SDDC Manager verifies environment readiness, applies supported bundles, and coordinates upgrade order across VCF components. This helps prevent version mismatch between ESXi, vCenter, NSX, vSAN, and supporting services. Direct patching outside SDDC Manager can bypass safeguards and leave the environment unsupported. In exam scenarios, SDDC Manager is the expected tool for controlled VCF lifecycle operations.

Demand Score: 91

Exam Relevance Score: 98

How can administrators prevent self-service deployments from using unapproved networks, oversized templates, or incorrect storage policies?

Answer:

Use governance guardrails such as approved templates, quotas, network profiles, storage policies, and approval workflows.

Explanation:

Self-service automation should accelerate delivery while preserving architectural control.
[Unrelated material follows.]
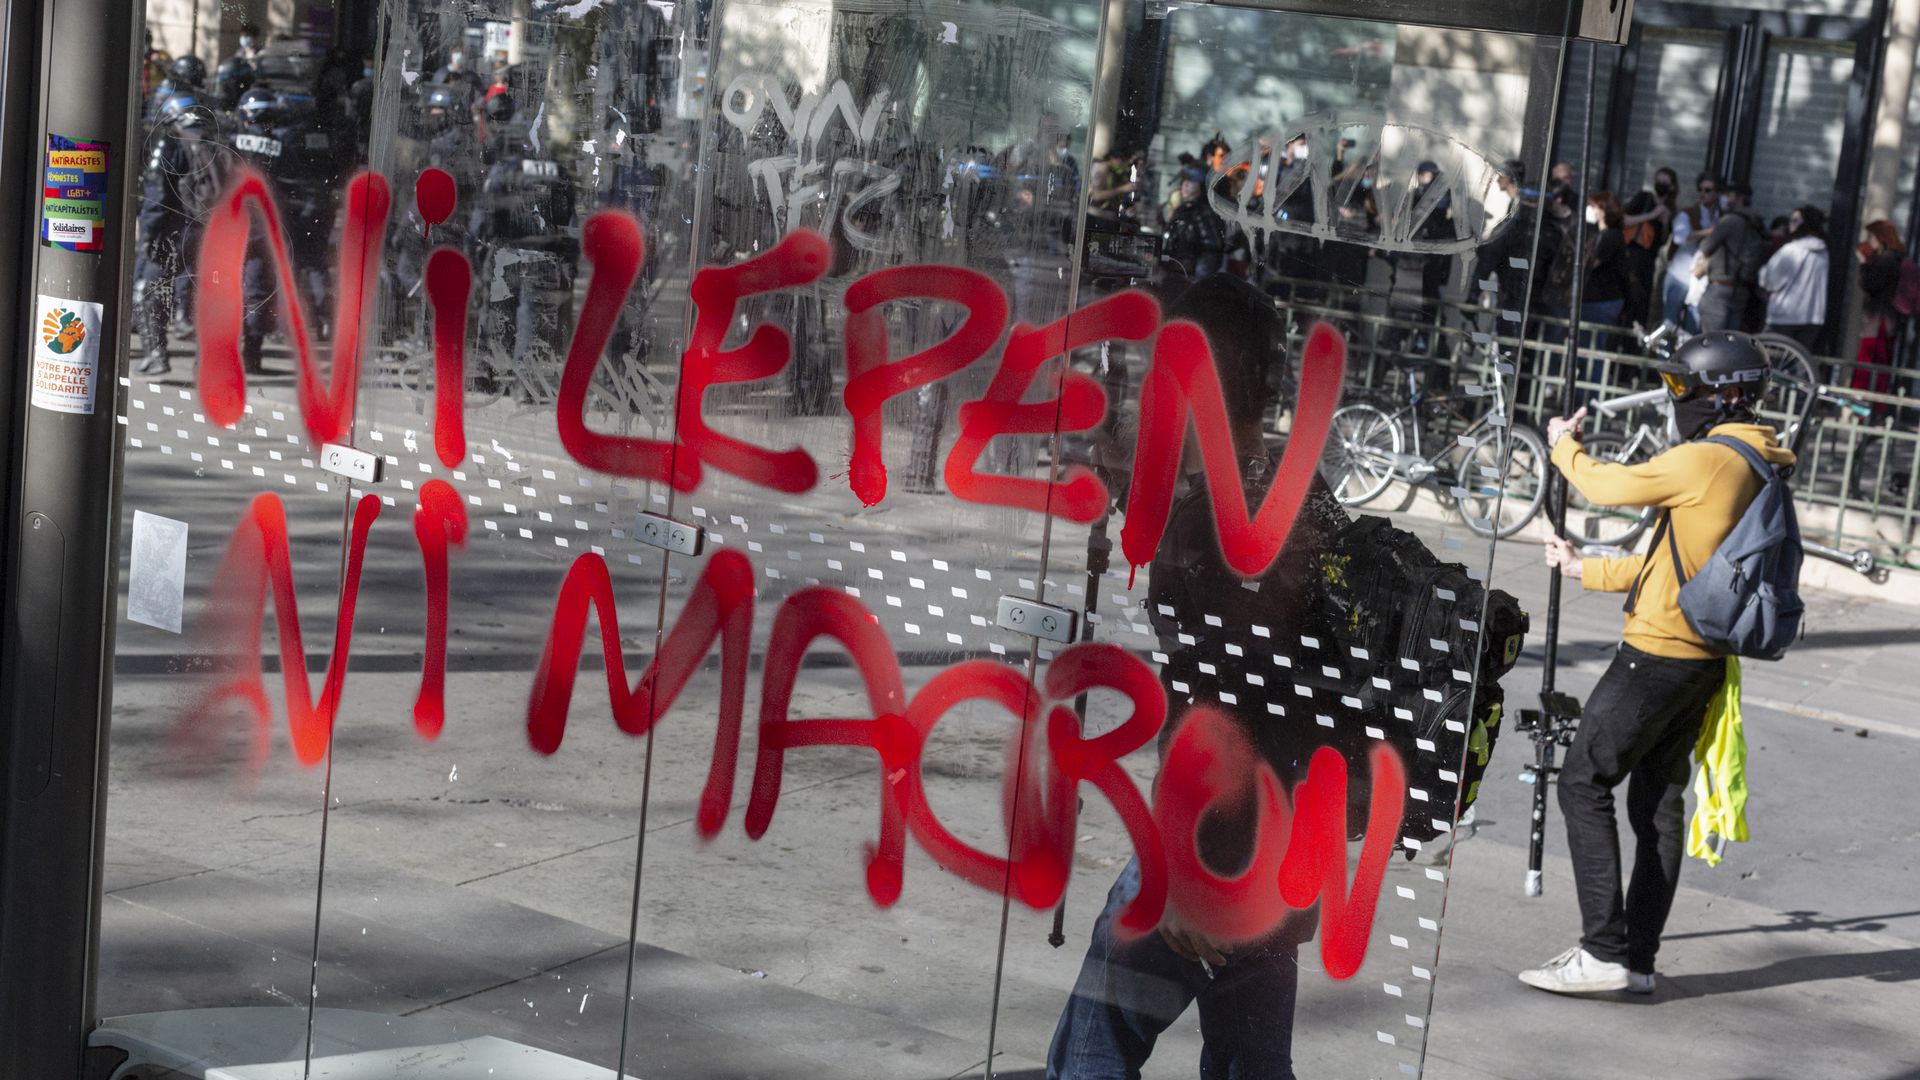 Grafitit that translates as "Neither Macron nor Le Pen" seen as protesters demonstrate

Without guardrails, users may deploy inconsistent workloads that waste capacity or violate security and operational standards. Governance policies ensure that automation aligns with the approved VCF design. In certification scenarios, this type of question usually tests the balance between automation flexibility and administrative control.

Demand Score: 84

Exam Relevance Score: 93

What should administrators do when direct changes in vCenter or NSX create configuration drift from the approved VCF design?

Answer:

Compare the running environment against the approved baseline and bring changes back under documented operational control.

Explanation:

Configuration drift can break lifecycle assumptions, monitoring accuracy, security boundaries, and troubleshooting procedures. A baseline allows administrators to identify unsupported or unauthorized changes and decide whether to remediate them or formally update the design. In VCF exams, operational consistency is usually preferred over ad hoc manual changes.